Mighty Jumbo

Personal information
- Born: Samuel Thomas Hesser June 25, 1923 Omaha, Nebraska, U.S.
- Died: September 3, 1974 (aged 51) Des Moines, Iowa

Professional wrestling career
- Ring name(s): Mighty Jumbo Man Mountain Dean Jr.
- Billed height: 6 ft 0 in (183 cm)
- Billed weight: 400 lb (181 kg)
- Debut: 1950
- Retired: 1965

= Mighty Jumbo (wrestler) =

American professional wrestler (1923–1974)

Samuel Thomas Hesser (1923–1974) was an American professional wrestler who competed throughout the United States and Canada as Mighty Jumbo and Man Mountain Dean Jr..

== Professional wrestling career ==
Hesser served in the United States Marines during World War II before he became a wrestler in 1950. He made his debut in Chicago as Man Mountain Dean Jr.

In 1952, he debuted for Maple Leaf Wrestling in Toronto.
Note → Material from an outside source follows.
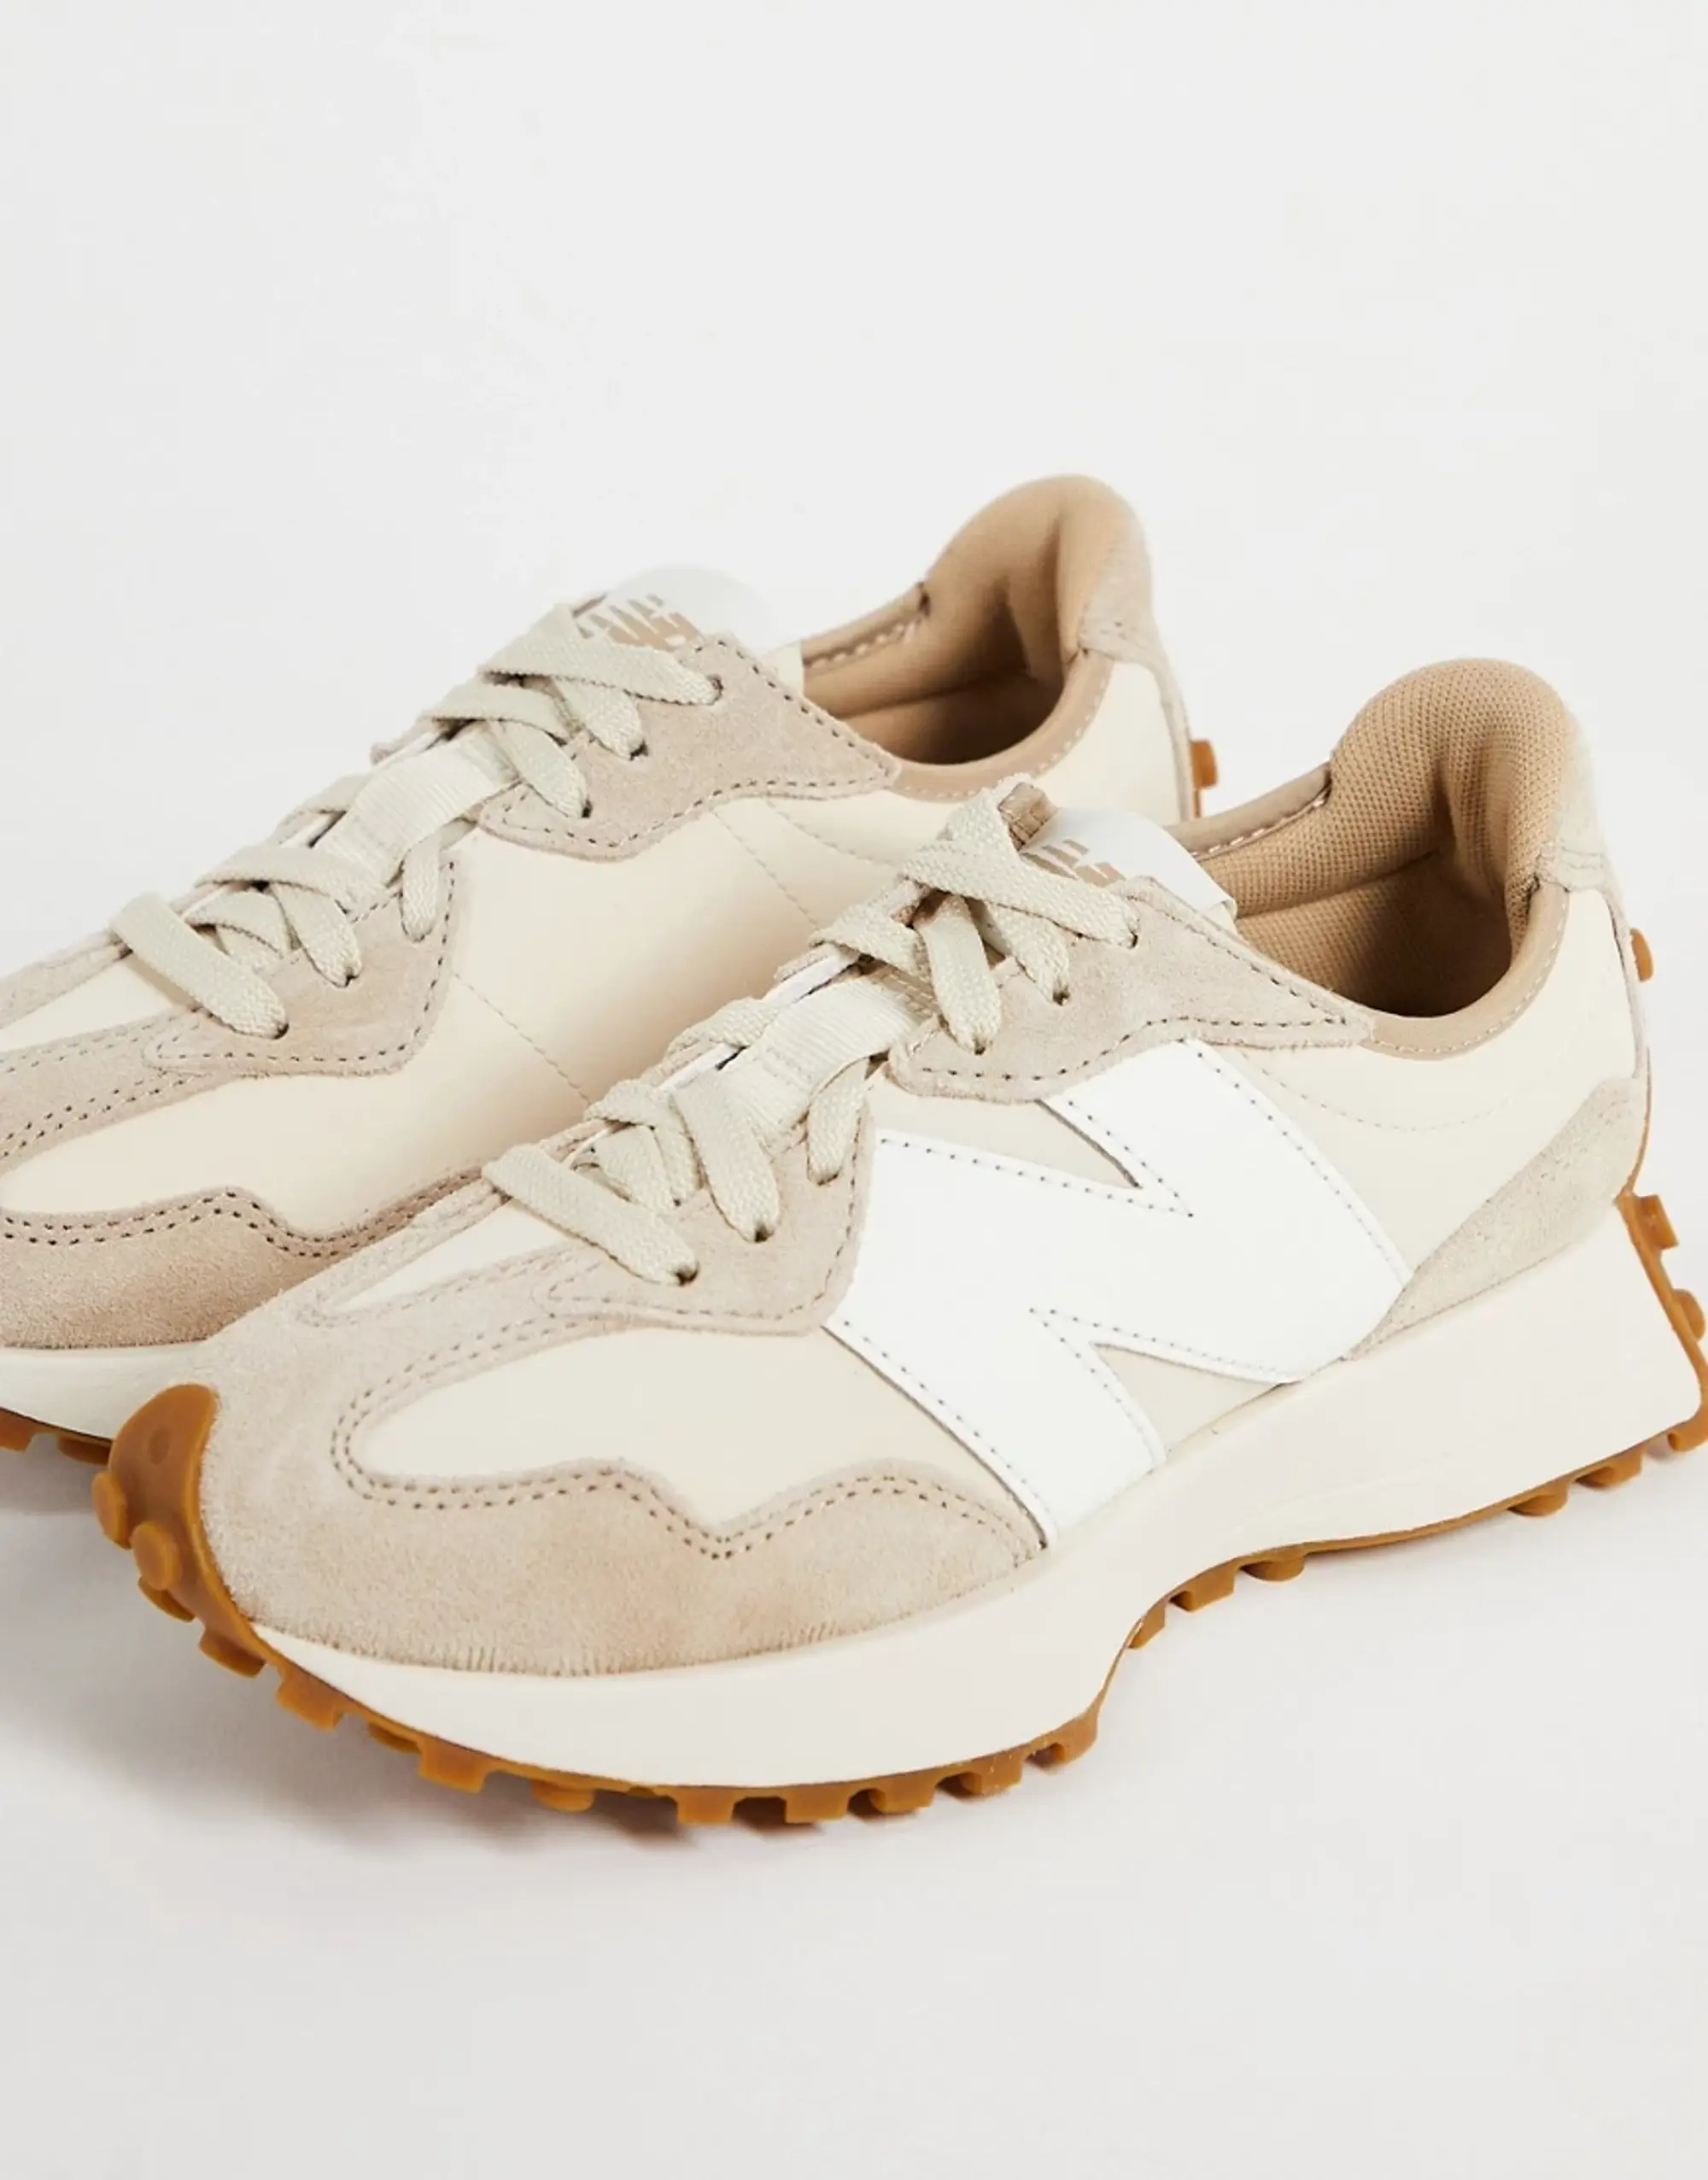 New Balance 327 Trainers In Beige-Neutral

He lost to Antonio Rocca in a Best 2 Out of 3 Falls match. He stayed in Toronto until 1953 and went to Minnesota.

During his career, he continued to work in New York, Texas and California. At some point in his career, he changed his name to Mighty Jumbo. In 1959, he worked for Capitol Wrestling Corporation in New York City.

He returned to Toronto in 1960. Then in 1961, he began working for Nick Gulas's NWA Mid-America, and continued to do so for much of his later career. In 1965, he worked for Georgia Championship Wrestling, and retired later that year.

== Personal life ==

Hesser owned a tourist attraction known as the Ocala Caverns in his later years.

==Death==
Hesser died from complications from brain tumor on September 3, 1974, at a Des Moines hospital at 51. He had the tumor for two years.